In accordance with its fiduciary duties under Dutch law, LAVA’s Board of Directors (the "Board") has unanimously determined that the Transactions are in the best interests of LAVA and the sustainable success of its business, having carefully considered the interests of LAVA shareholders, employees, and all other relevant stakeholders and has approved the Purchase Agreement. The Board unanimously recommends that shareholders support the Offer, accept the Offer and vote in favor of the resolutions to be proposed to LAVA’s shareholders’ meeting, as noted below.
Transaction Terms
Pursuant and subject to the terms of the Purchase Agreement, XOMA Royalty will commence a tender offer (the "Offer") by August 15, 2025, to acquire all outstanding shares of LAVA common stock. The closing of the Offer is subject to certain conditions, including the tender of LAVA common stock representing at least 80% (or, in certain cases, 75%) of LAVA’s issued and outstanding shares, the condition that certain resolutions are adopted by LAVA’s shareholders meeting; a minimum cash balance at closing, and other customary closing conditions. Following a subsequent offering period, LAVA will undergo a corporate reorganization designed to result in XOMA Royalty acquiring 100% of the shares in LAVA’s successor and all then-remaining LAVA shareholders (other than XOMA Royalty) receiving the same cash and CVR consideration per share as is provided in the tender offer, subject to applicable withholding taxes. LAVA will hold a shareholder’s meeting in connection with the Transactions. The closing of the Transactions is expected in the fourth quarter of 2025.

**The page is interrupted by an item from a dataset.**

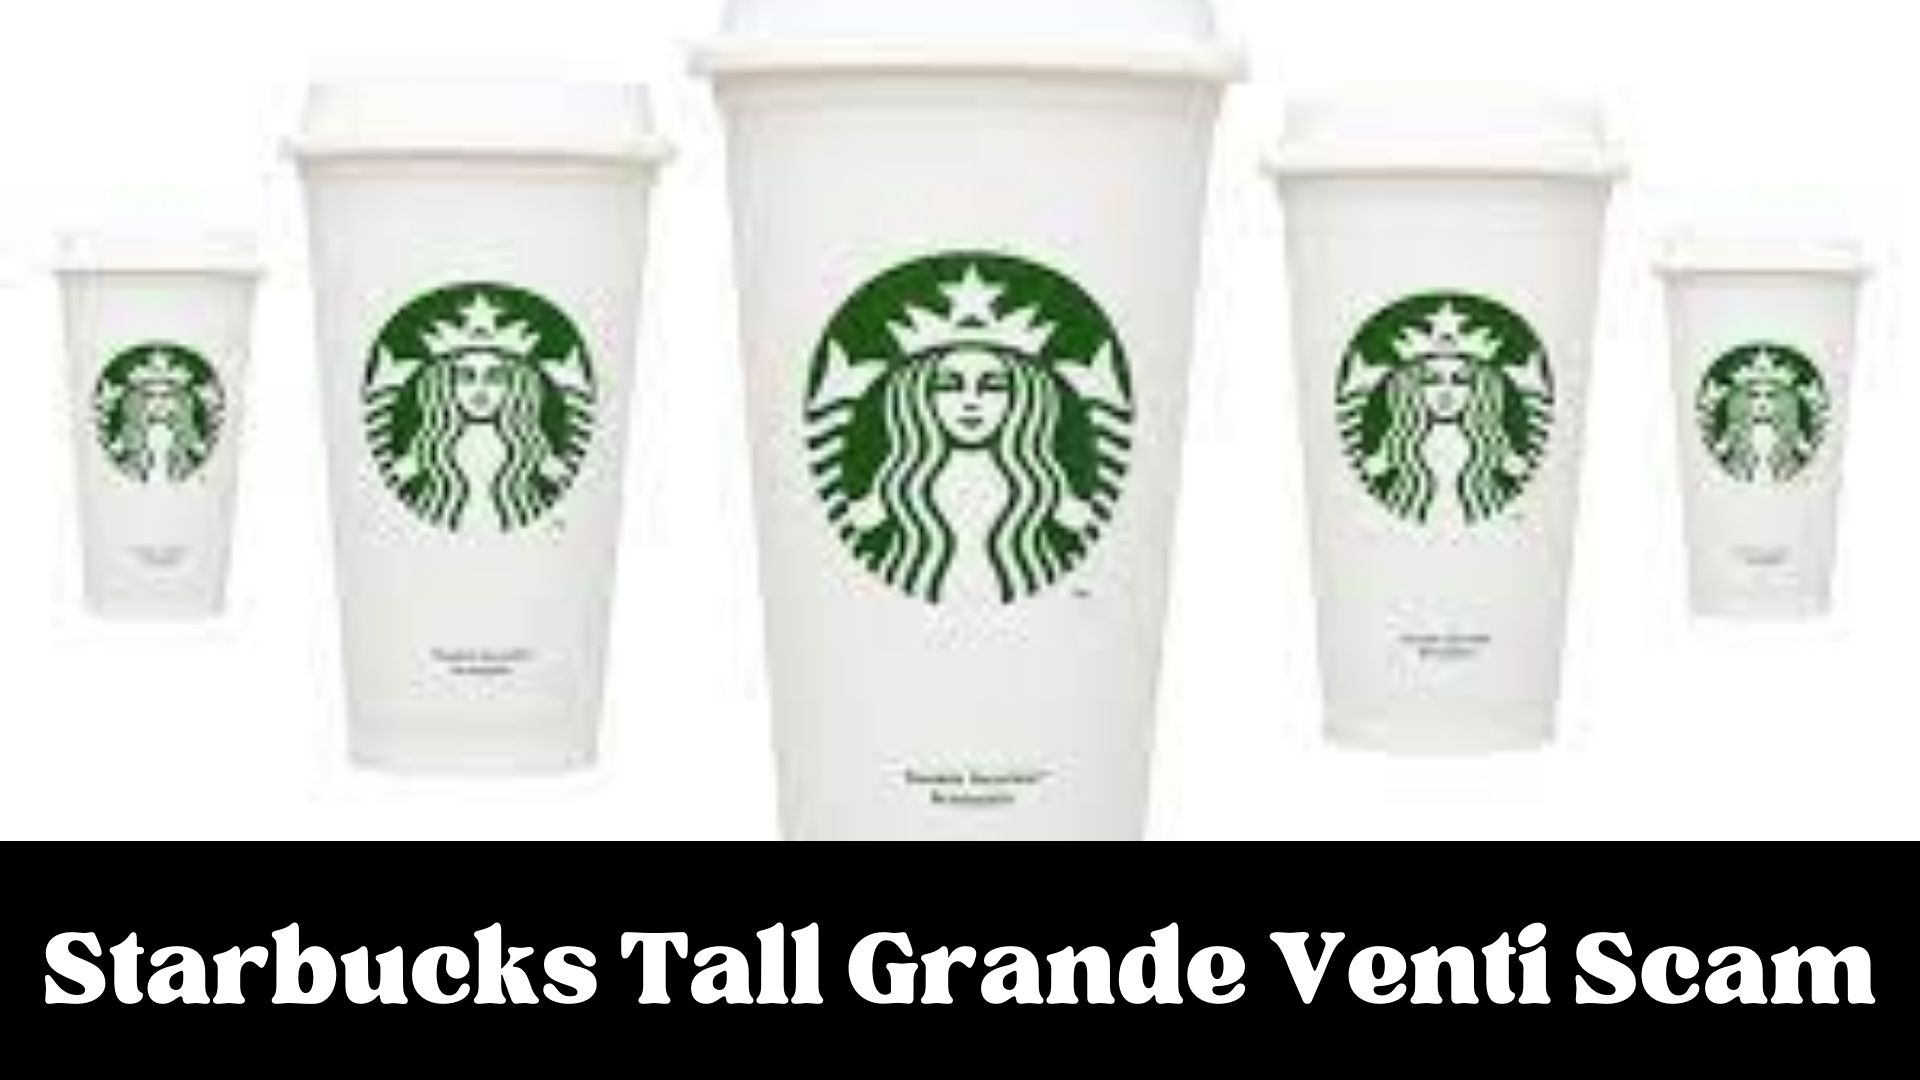 Starbucks Tall Grande Venti Scam

In connection with the Transactions, the Company plans to discontinue its Phase 1 clinical trial of LAVA-1266 for acute myeloid leukemia and myelodysplastic syndrome and initiate the wind-down of the LAVA-1266 program.
Advisors
XOMA Royalty was represented by Gibson, Dunn & Crutcher LLP and Loyens & Loeff N.V, who acted as U.S. and Dutch legal advisors, respectively. Leerink Partners is acting as exclusive financial advisor to LAVA, Cooley LLP is acting as U.S. legal advisor to LAVA and NautaDutilh N.V. is acting as Dutch legal advisor to LAVA.